The two cycles of patient data collection took place between 15 July 2023 and 3 December 2023 (pre-intervention), and from the 1 February 2021 to 23 June 2024 (post-intervention), representing a period of just over 20 weeks for each cycle.
Relevant data of all patients presenting to St James’s Hospital ED is systematically recorded and electronically stored using the Microsoft Power Bi software. It contains information regarding patient’s time and date of arrival, presenting complaint, Manchester triage score (MTS), medical record number and various demographic data. This system was used to search for and identify all MT presentations to the ED relevant to this study.

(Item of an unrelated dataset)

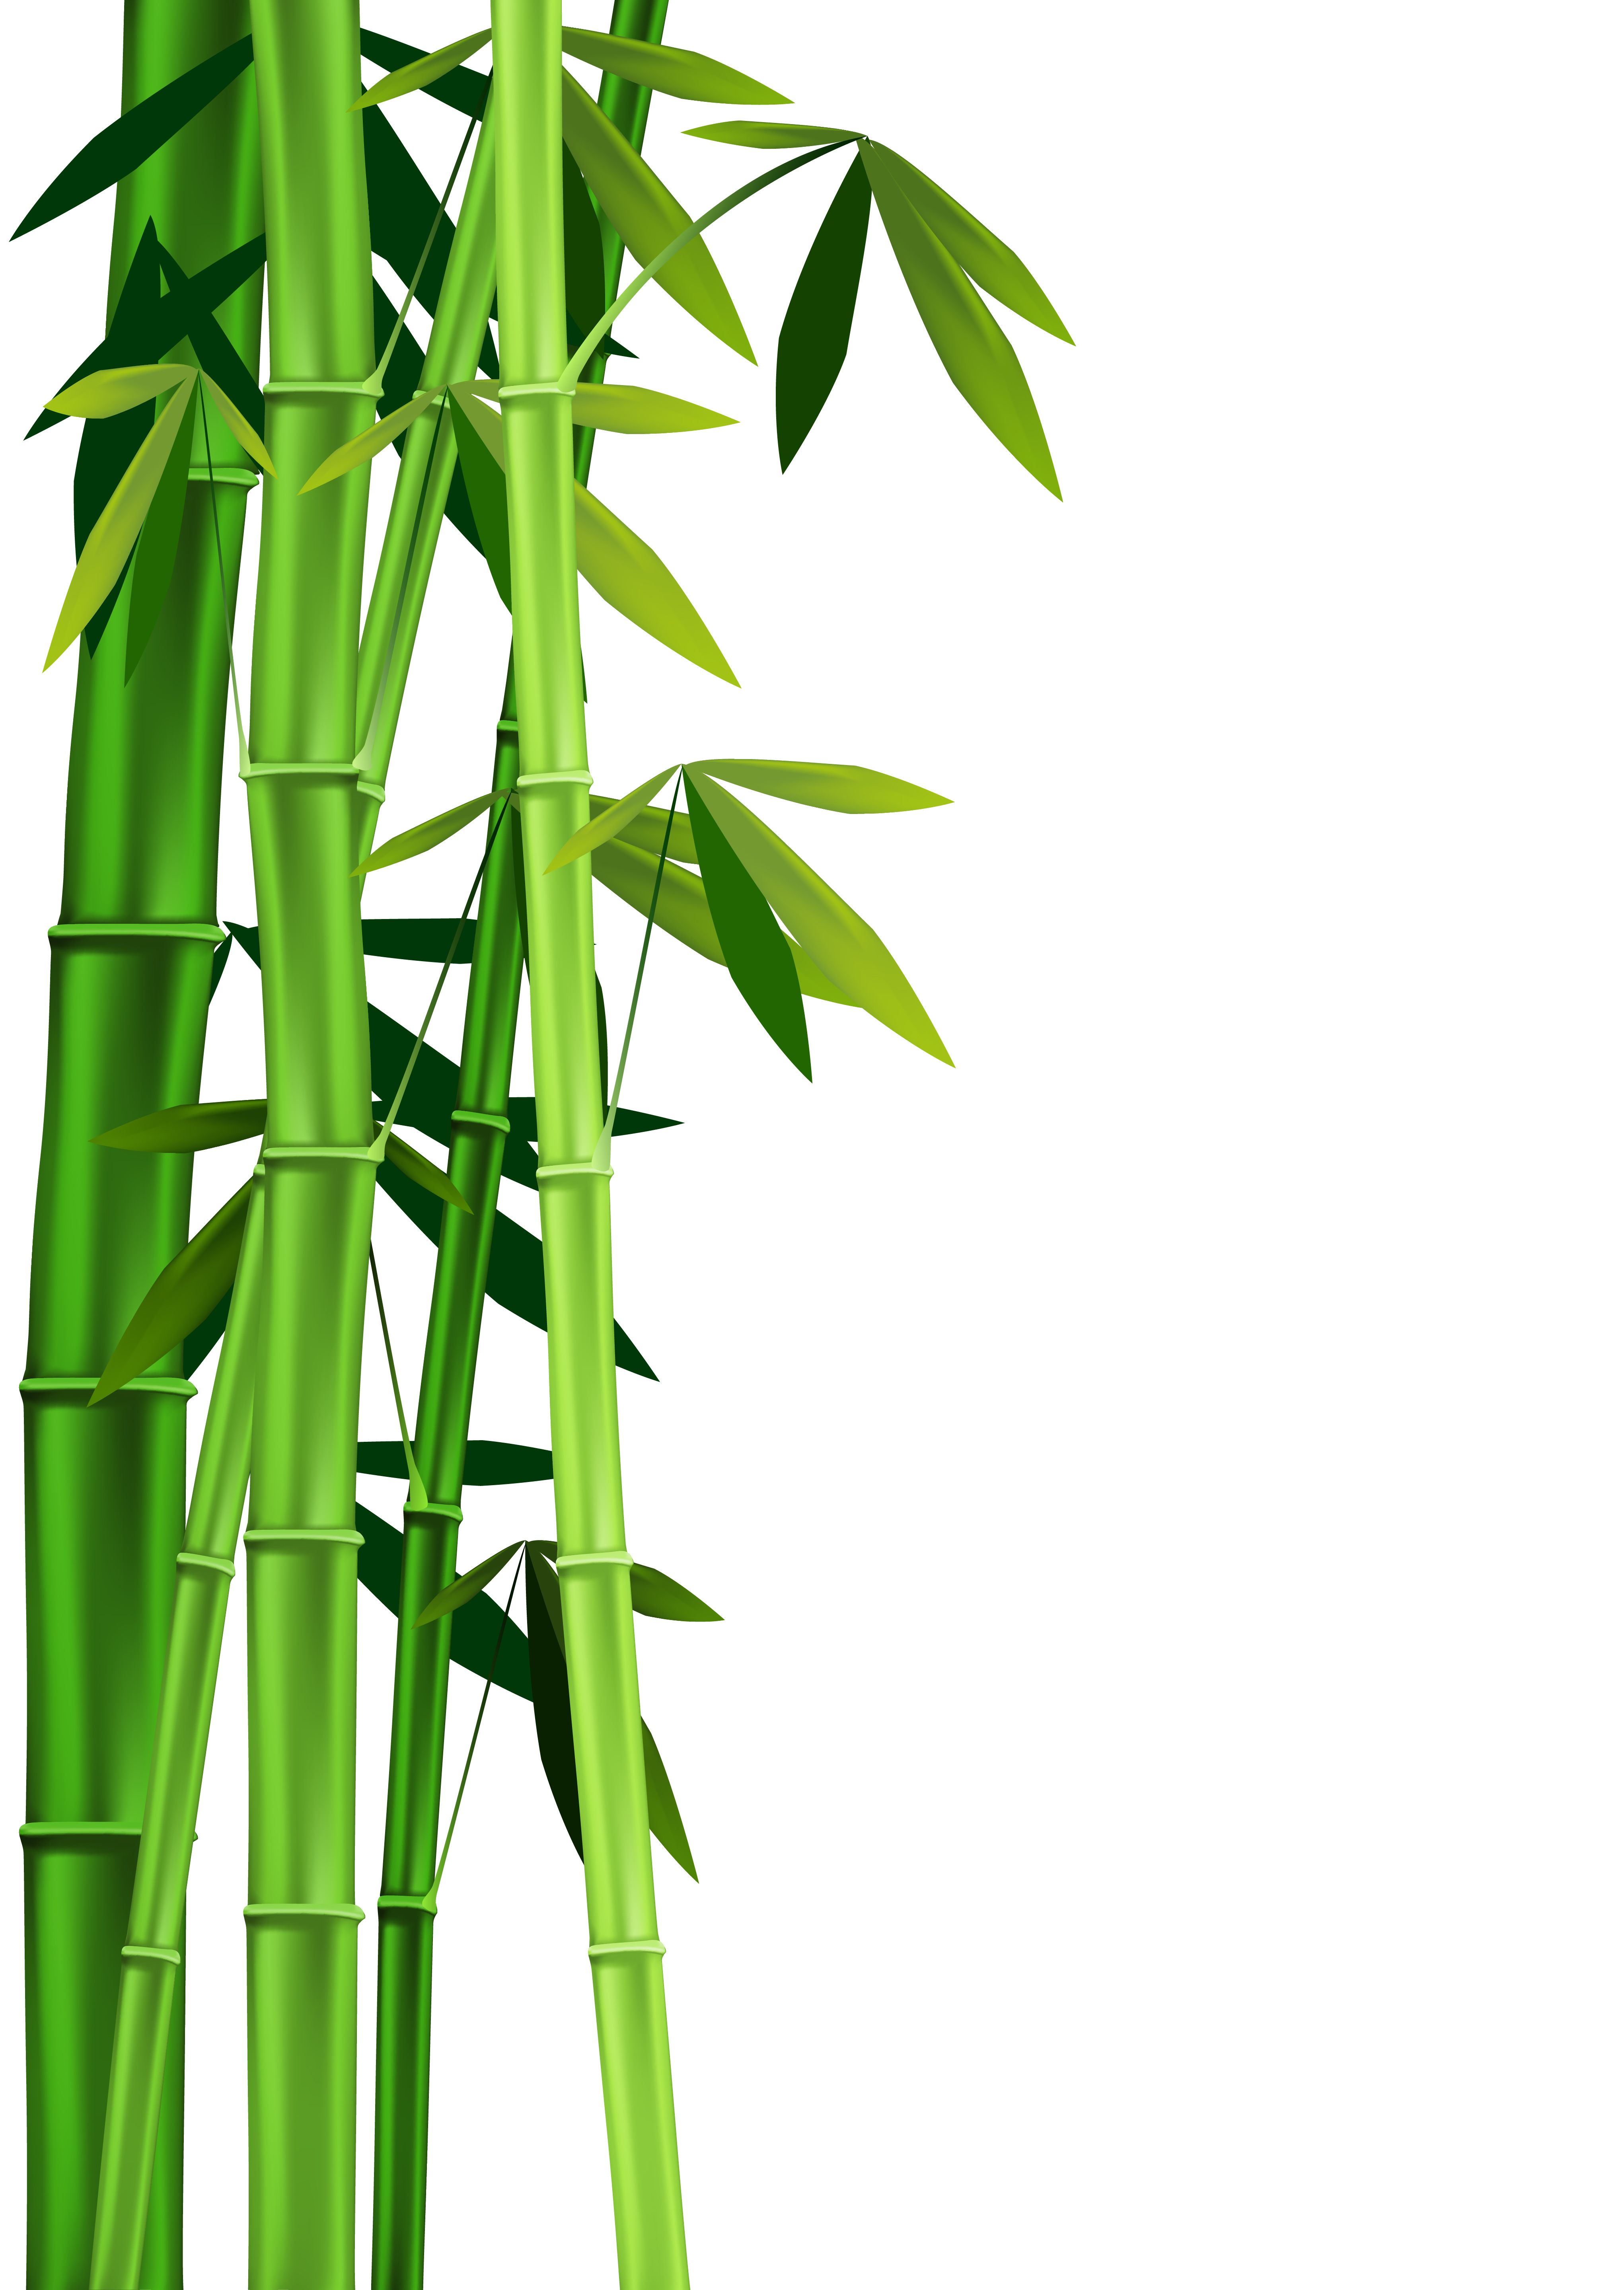 images of bamboo - Google Search | panda ideas | Pinterest

The following criteria were used as search parameters:
•MTS 1 (immediate) or 2 (very urgent); AND
•Presenting complaint containing one of the following terms – ‘Major Trauma’, ‘RTA’ (road traffic accident), ‘assault’, ‘stabbing Injury’, ‘chest injury’, ‘torso injury’.
•In addition, we searched for MTS of 1 with a presenting complaint of ‘head injury’.
An initial search within the defined period generated a list of potential MT attendances. The EPR system was then used to manually examine medical records, before deciding whether it could be classified as a MT case. The following presentations were excluded from the list: patients who did not undergo CT imaging, overnight patients who were deemed well enough to receive imaging the following day, single limb injuries or isolated head injuries with a Glasgow Coma Scale of 15.
In addition, we calculated an Injury Severity Score of potential cases using the information from ED notes, imaging results and discharge summaries. Cases with a score of less than 4 were excluded from the study, as the only injuries sustained were minor. The Injury Severity Score calculation was done by two independent investigators (NV and SM), both experienced EM clinicians. If there was a disagreement among the scores that potentially determined the decision to exclude the case from the study, a third opinion was sought from an EM consultant (DS) with regards to the final score.
Statistical analyses were conducted using R (version 4.2.3 [2023-03-15]). Descriptive statistics were used to summarize patient characteristics and outcomes. Continuous variables, such as age, were reported as means with standard deviations (SD) for normally distributed data and as medians with interquartile ranges (IQR) for non-normally distributed data. Categorical variables, including the proportion of patients meeting time-based targets, were reported as counts (n) and percentages (%).
The primary outcome – median time to CT – was compared between the pre- and post-intervention groups using the non-parametric Mann–Whitney U test. To evaluate differences in the overall distribution of time to CT between groups, a Kolmogorov–Smirnov (K-S) test was also performed.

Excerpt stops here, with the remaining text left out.